Saved entries
========
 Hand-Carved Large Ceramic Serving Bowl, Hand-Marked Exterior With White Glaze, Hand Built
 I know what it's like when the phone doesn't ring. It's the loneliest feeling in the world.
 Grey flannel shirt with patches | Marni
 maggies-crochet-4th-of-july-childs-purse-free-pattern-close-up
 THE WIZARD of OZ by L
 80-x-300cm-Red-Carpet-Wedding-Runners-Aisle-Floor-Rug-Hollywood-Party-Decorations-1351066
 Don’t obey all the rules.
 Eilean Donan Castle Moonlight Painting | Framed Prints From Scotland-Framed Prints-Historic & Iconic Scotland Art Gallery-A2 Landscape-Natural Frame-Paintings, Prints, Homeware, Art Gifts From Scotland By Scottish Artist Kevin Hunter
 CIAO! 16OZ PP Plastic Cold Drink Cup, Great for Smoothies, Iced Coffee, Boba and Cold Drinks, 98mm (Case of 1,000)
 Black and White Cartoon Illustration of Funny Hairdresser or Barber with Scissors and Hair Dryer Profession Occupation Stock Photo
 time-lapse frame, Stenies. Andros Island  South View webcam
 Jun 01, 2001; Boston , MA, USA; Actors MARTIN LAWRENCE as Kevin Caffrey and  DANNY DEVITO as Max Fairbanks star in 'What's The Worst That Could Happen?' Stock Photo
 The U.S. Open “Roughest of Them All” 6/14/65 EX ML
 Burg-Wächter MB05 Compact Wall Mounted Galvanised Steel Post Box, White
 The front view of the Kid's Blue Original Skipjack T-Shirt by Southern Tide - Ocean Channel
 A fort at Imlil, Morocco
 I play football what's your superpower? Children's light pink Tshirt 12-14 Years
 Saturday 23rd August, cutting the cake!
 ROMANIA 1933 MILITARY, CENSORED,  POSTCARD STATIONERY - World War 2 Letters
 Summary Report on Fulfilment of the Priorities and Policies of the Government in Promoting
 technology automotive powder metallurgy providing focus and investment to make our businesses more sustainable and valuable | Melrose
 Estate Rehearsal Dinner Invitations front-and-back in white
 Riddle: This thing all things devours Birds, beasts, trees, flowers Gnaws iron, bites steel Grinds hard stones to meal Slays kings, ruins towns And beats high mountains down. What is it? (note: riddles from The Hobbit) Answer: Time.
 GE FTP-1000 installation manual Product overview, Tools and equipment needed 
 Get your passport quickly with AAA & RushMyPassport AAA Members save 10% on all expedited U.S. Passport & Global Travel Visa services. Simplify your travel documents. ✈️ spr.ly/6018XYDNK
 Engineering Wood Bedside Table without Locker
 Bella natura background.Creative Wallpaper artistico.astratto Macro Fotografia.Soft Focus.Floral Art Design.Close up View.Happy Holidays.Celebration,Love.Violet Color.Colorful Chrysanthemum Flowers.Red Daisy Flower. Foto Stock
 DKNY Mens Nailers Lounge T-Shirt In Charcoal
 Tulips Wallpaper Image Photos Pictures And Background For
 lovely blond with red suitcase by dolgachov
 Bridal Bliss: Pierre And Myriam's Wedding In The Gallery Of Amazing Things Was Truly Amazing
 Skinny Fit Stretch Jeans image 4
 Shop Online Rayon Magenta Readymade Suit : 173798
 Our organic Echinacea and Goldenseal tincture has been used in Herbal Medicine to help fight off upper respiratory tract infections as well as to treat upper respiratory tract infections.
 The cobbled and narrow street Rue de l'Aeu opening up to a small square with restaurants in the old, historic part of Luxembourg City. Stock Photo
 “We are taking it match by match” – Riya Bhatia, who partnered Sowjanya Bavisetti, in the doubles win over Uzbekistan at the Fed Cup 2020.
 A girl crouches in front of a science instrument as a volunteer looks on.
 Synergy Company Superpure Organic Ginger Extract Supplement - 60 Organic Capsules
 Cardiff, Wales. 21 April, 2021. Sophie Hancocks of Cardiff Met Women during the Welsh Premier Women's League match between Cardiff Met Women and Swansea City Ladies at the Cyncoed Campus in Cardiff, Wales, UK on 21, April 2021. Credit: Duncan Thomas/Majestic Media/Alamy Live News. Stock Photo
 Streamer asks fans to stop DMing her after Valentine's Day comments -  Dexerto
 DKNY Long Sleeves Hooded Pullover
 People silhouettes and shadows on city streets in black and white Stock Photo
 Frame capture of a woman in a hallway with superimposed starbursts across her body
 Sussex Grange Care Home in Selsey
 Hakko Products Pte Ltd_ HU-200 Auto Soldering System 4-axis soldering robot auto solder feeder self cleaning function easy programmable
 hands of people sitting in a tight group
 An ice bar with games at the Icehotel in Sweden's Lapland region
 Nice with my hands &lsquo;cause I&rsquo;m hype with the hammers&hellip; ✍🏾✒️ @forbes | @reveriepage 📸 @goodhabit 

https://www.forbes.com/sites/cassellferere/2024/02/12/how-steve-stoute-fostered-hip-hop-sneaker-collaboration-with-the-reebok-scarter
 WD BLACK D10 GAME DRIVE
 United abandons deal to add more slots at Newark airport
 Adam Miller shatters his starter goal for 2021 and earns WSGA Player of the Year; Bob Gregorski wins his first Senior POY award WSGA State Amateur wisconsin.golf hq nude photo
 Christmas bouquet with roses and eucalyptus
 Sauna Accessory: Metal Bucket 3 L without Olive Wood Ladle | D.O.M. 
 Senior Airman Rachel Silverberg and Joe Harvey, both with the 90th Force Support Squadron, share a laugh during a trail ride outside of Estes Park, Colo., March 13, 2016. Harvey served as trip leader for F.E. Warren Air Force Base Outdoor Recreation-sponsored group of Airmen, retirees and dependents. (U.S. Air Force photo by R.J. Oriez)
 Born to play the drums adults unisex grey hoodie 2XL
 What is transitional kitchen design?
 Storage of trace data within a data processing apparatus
========
[Problem to solve]
Write the lines out verbatim, from the one with "United abandons deal" through the last line of the entries, and stop there.

[Reply]
 United abandons deal to add more slots at Newark airport
 Adam Miller shatters his starter goal for 2021 and earns WSGA Player of the Year; Bob Gregorski wins his first Senior POY award WSGA State Amateur wisconsin.golf hq nude photo
 Christmas bouquet with roses and eucalyptus
 Sauna Accessory: Metal Bucket 3 L without Olive Wood Ladle | D.O.M. 
 Senior Airman Rachel Silverberg and Joe Harvey, both with the 90th Force Support Squadron, share a laugh during a trail ride outside of Estes Park, Colo., March 13, 2016. Harvey served as trip leader for F.E. Warren Air Force Base Outdoor Recreation-sponsored group of Airmen, retirees and dependents. (U.S. Air Force photo by R.J. Oriez)
 Born to play the drums adults unisex grey hoodie 2XL
 What is transitional kitchen design?
 Storage of trace data within a data processing apparatus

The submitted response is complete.